___ DATA PROVIDED

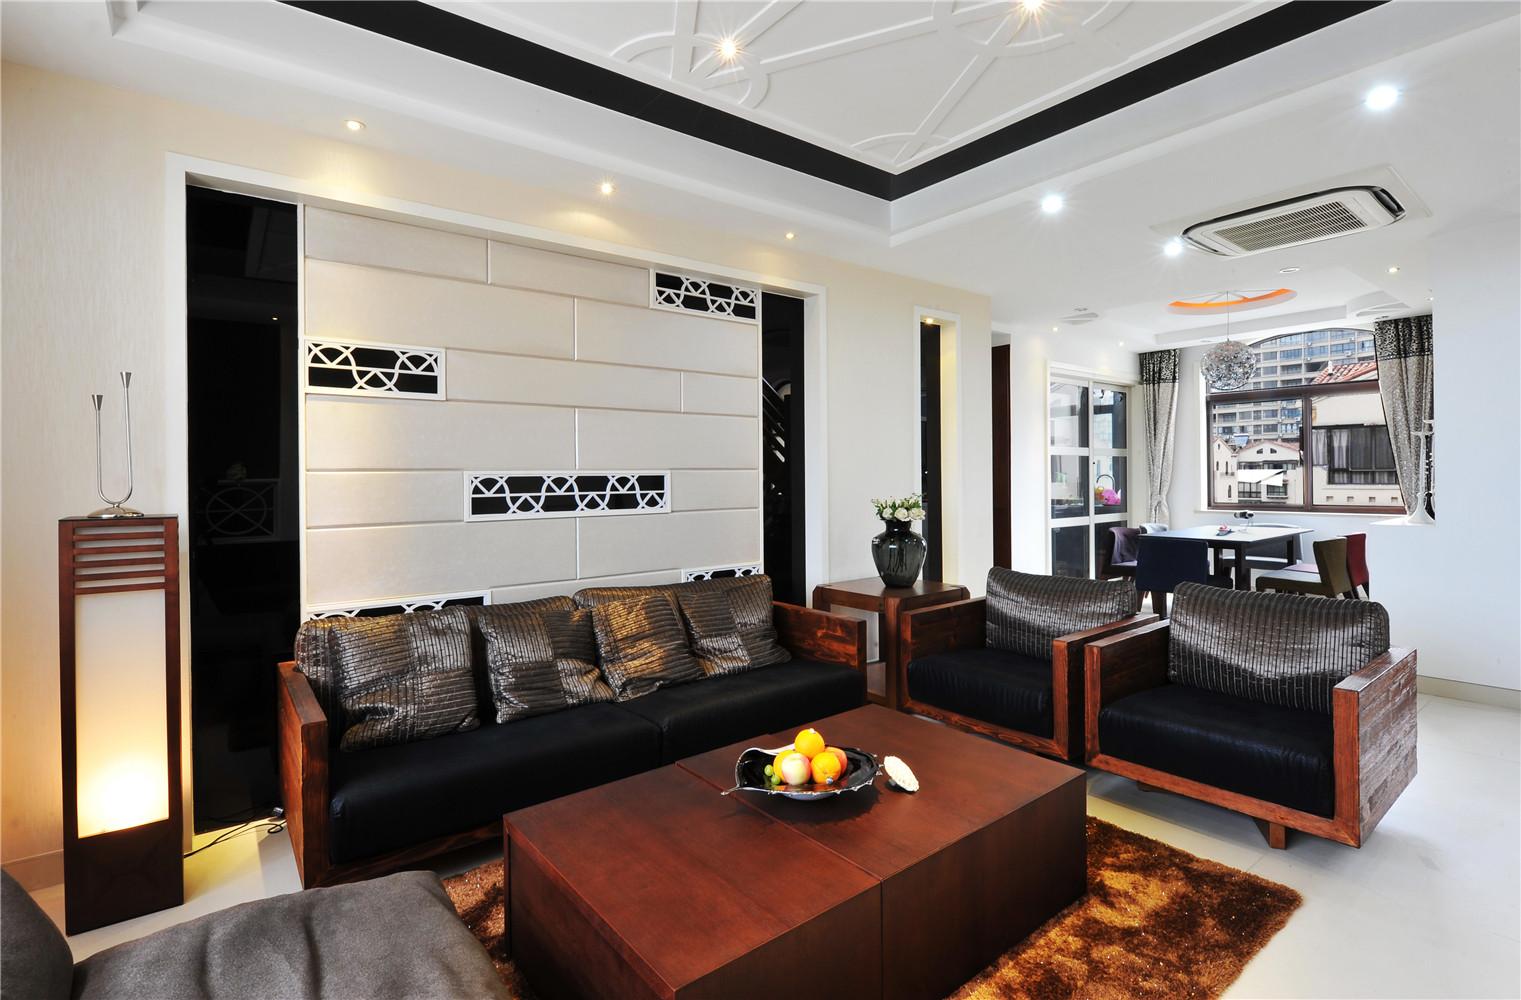 现代中式风格装修沙发背景墙图片
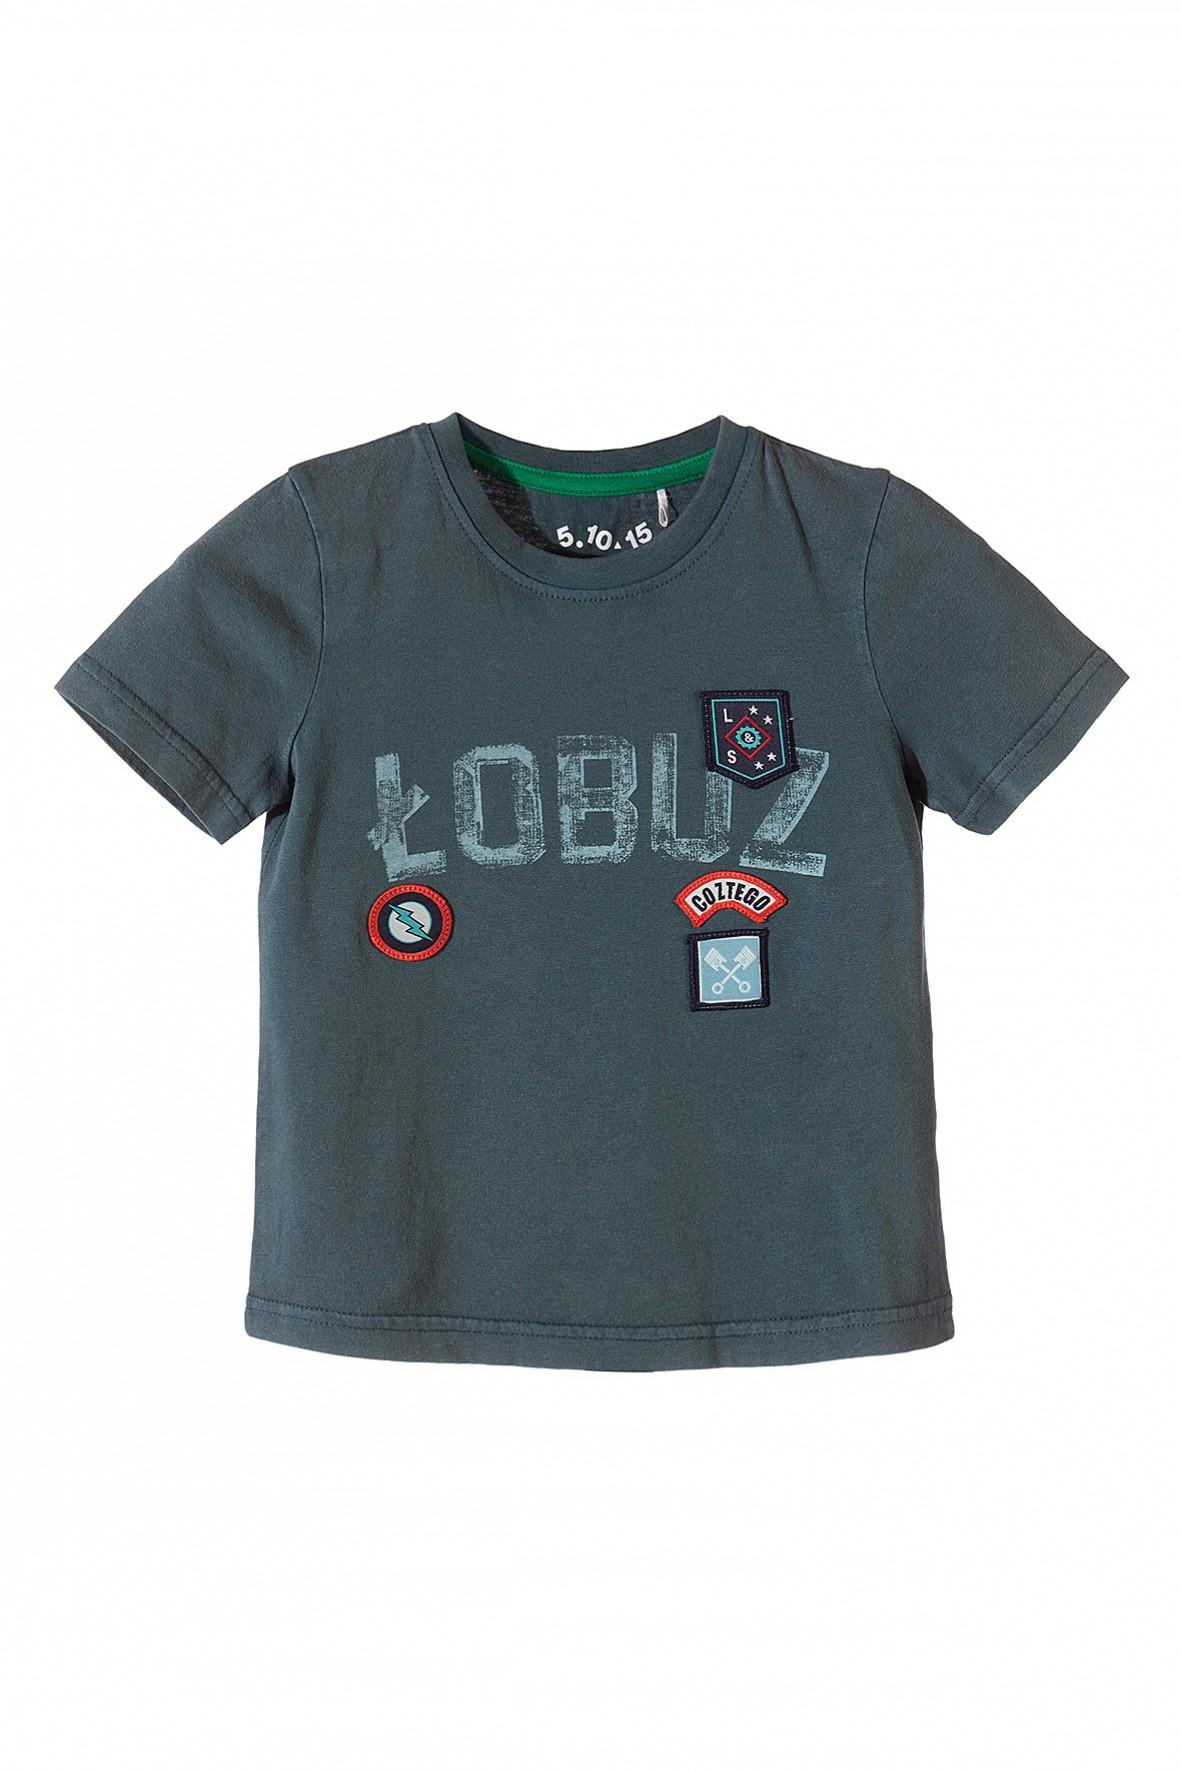 T-shirt chłopięcy z polskim napisem
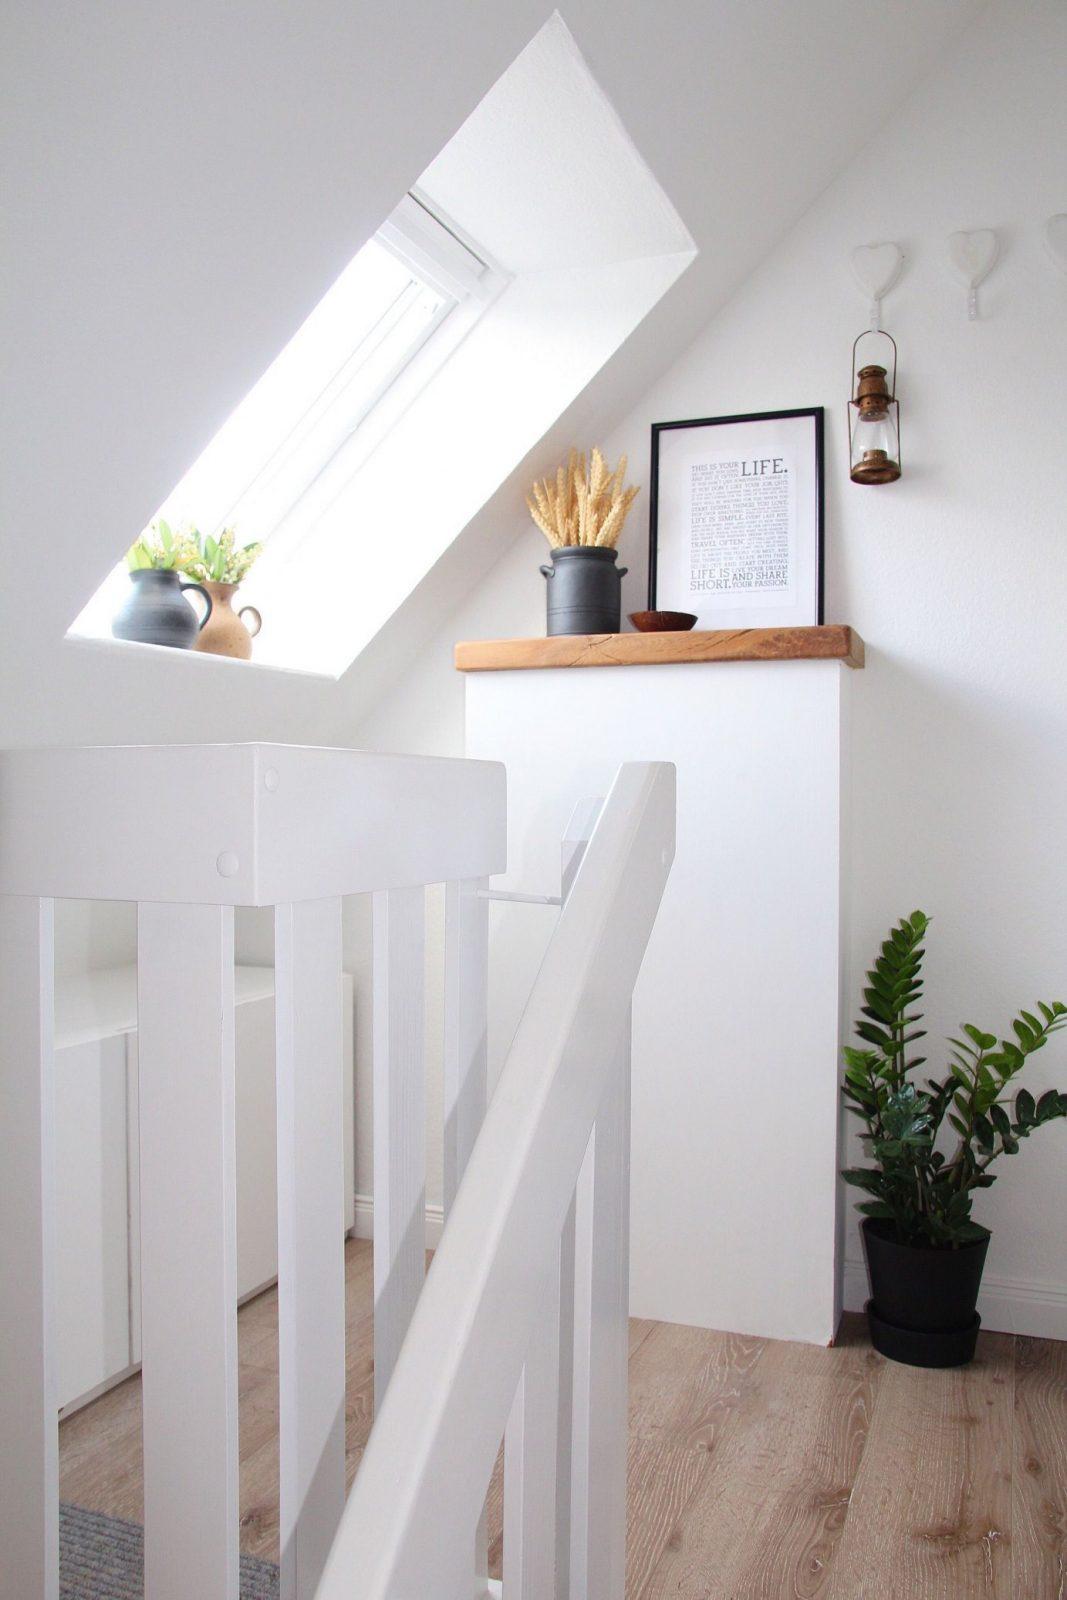 Flur Und Treppenhaus Neu Gestalten Vorher Nachher  Flur Ideen Diy von Altes Treppenhaus Neu Gestalten Photo
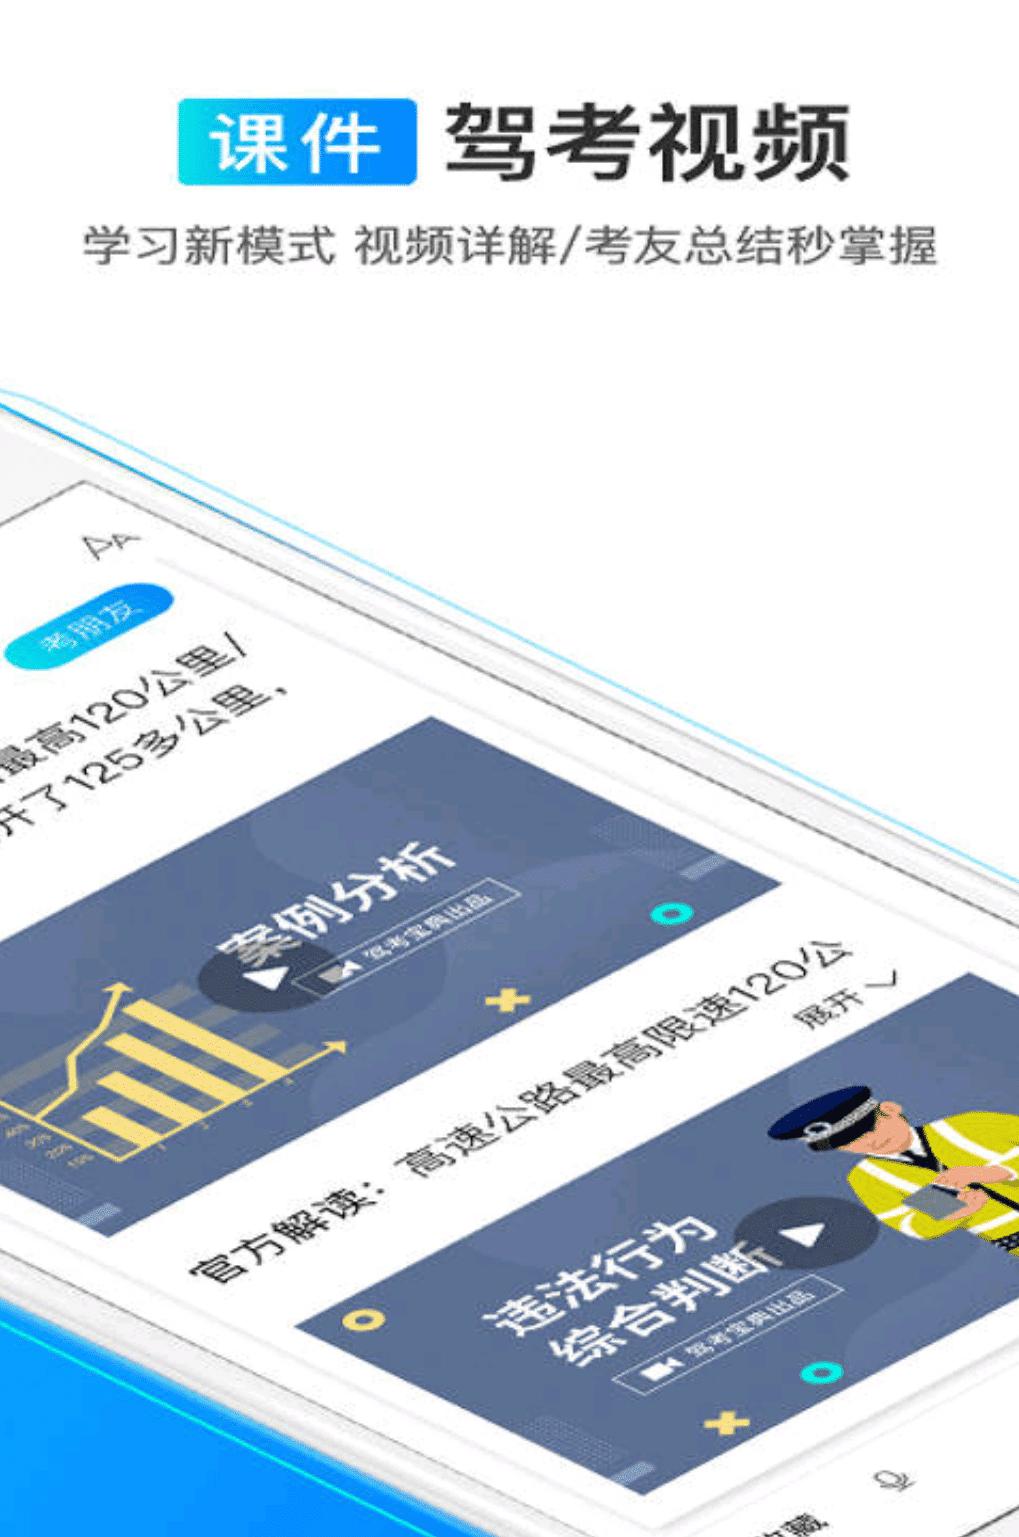 驾考宝典v7.3.2去广告/_去推荐_破解版

______

◆ WORK TO COMPLETE ◆
Output all the material above exactly once more, leaving every picture out.

◆ REPLY TO THE TASK ◆
 现代中式风格装修沙发背景墙图片
 T-shirt chłopięcy z polskim napisem
 Flur Und Treppenhaus Neu Gestalten Vorher Nachher  Flur Ideen Diy von Altes Treppenhaus Neu Gestalten Photo
 驾考宝典v7.3.2去广告/_去推荐_破解版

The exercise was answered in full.